Why we will be cutting back on our online output

When the COVID-19 restrictions began to kick in, like many others we began to ramp up our online content.  My personal involvement included restarting Faithroots, uploading short videos to Youtube and opening a Facebook account so that I could broadcast regularly. At the height of the pandemic, I was running  twice daily prayer services and Sarah and I hosted something called Afternoon Tea.  I also started a weekly Faithroots Live session looking at doctrine and going deeper into Bible study. Over the summer we began to make adjustments and cut back on our internet output. 

As we move into the Autumn, we will be reviewing and adjusting things again.  I plan to take a break from the weekly “Faithroots Live” after next weeks talk.  Sarah and I will be discontinuing After Eight and the daily prayer services.  I want to emphasise at this stage that the Chapel will continue to be providing live and recorded content online including a version of the morning service as well as other occasional events. We are also talking about providing an extra service online midweek (watch this space for details). This is because we know that there will be many people shielding due to COVID for some time and it will be a long time before all of our physical events at the building are fully up and running.  It is also because we know that there are many others in the community who have found it beneficial to access online content but who may not find it easy or possible to attend at the building.

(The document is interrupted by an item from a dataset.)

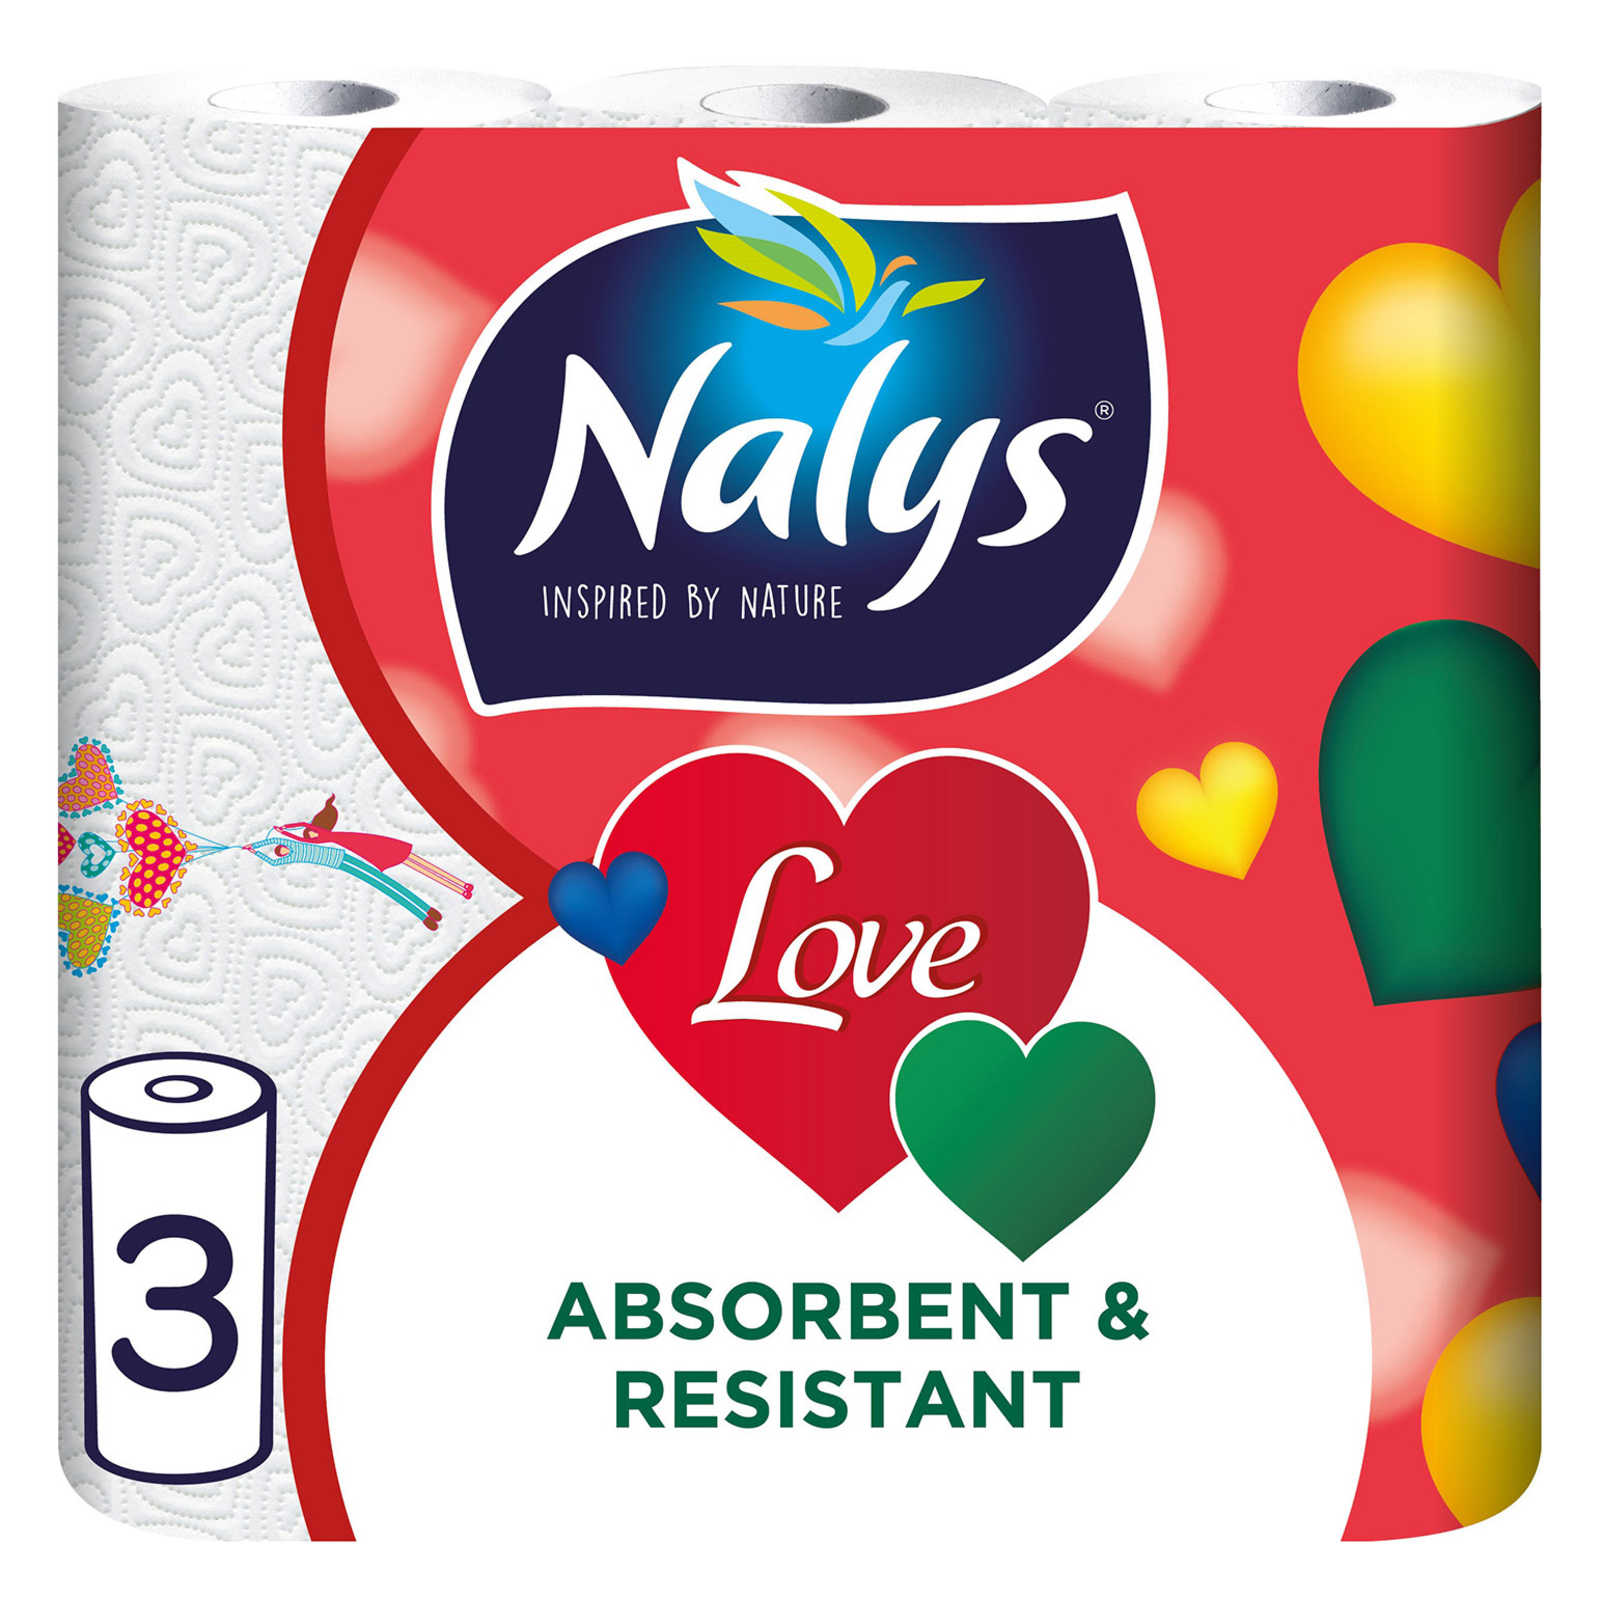 Nalys-Love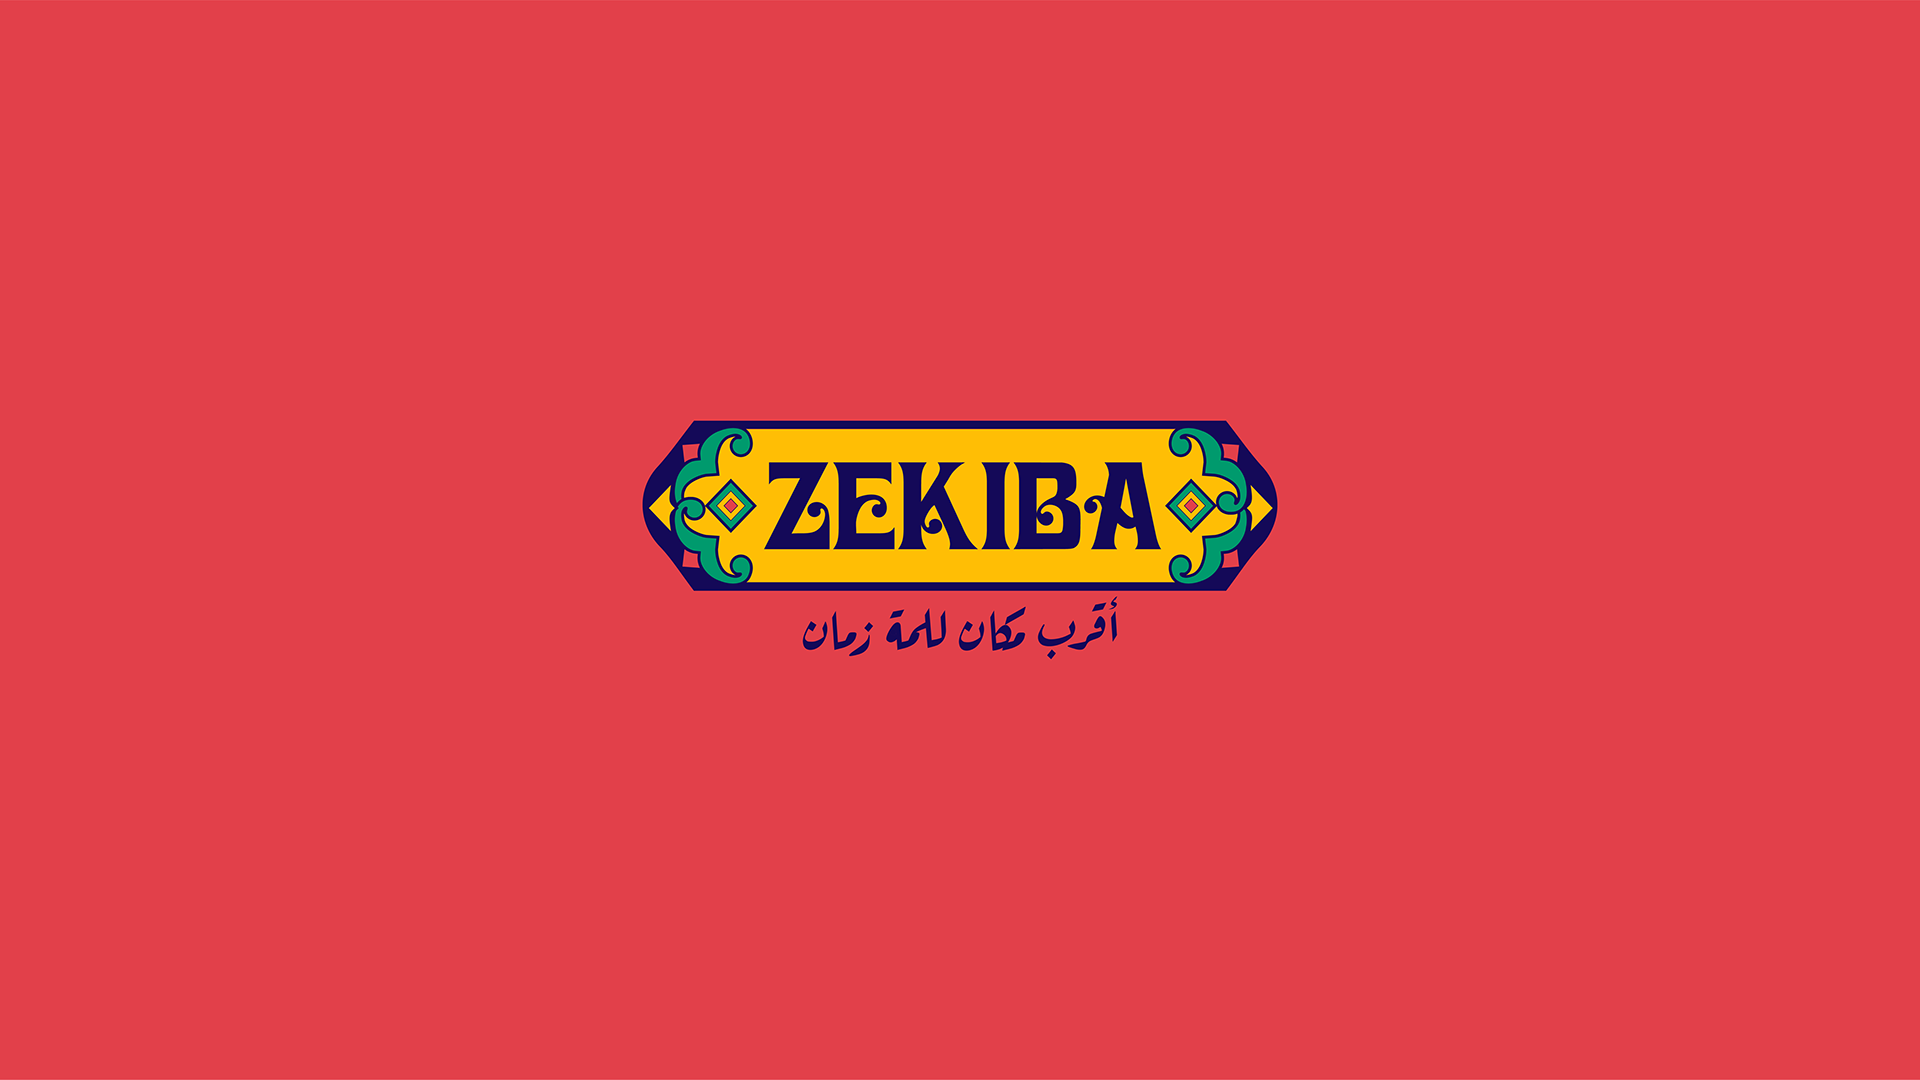 Zekiba Restaurant Branding

Why am I cutting back? Well to understand this decision, we need to go back to the original decision to ramp up content. That arose because we saw both a need and an opportunity.  The need was that people were hungry for support, feeding, care and connectedness to get through the isolation. They also wanted to make sense of what was happening from God’s perspective. The opportunity was that for many people, lockdown acted like a form of sabbatical. Unable to get out for work or leisure, they had time to stop and think about life and the big questions.  This included both Christians and non-Christians. It is encouraging to hear that so many have experienced refreshing and renewal during this time whilst others have come to faith. For me, the facebook stuff was a means to an ened and the means was to enable me to continue to pastor, a way of staying in touch and of discipling people. I believe we will see much fruit from this season over the longer term.

However, we need to remember that seasons come to an end and it is clear that we are transitioning to a new season.  Restrictions have eased considerably even though  lot remain in place. We are now able to hold gatherings at our building and see people face to face. Children are returning to school and adults to work and so the need for connection online is reducing whilst people also have less available time. I hope that we have used the time well to bury away treasures of wisdom in our hearts and to build sustainable godly habits. 

On the other side, increasingly my time priority needs to be focused on the face to face stuff as we now begin to rebuild that.

Finally, there is a risk that we can become dependent on things. This is often co-dependency. People become dependent on the daily output from the church but church leaders also get dependent on the sense of value and accomplishment they get from being online.  Indeed we can confuse busyness for fruitfulness. We don’t want people to be dependent on After Eight and Faithroots Live, we want them to depend on Christ alone.

So, you will see a little less of Sarah and me popping up on your screens but this does not mean that the work of looking after one another through COVID ends here. We are as Churchhill would say probably not at the end or even the beginning of the end of this cris but we are at the end of the beginning.  So as we move into the next phase, stay in touch and keep clinging to Christ.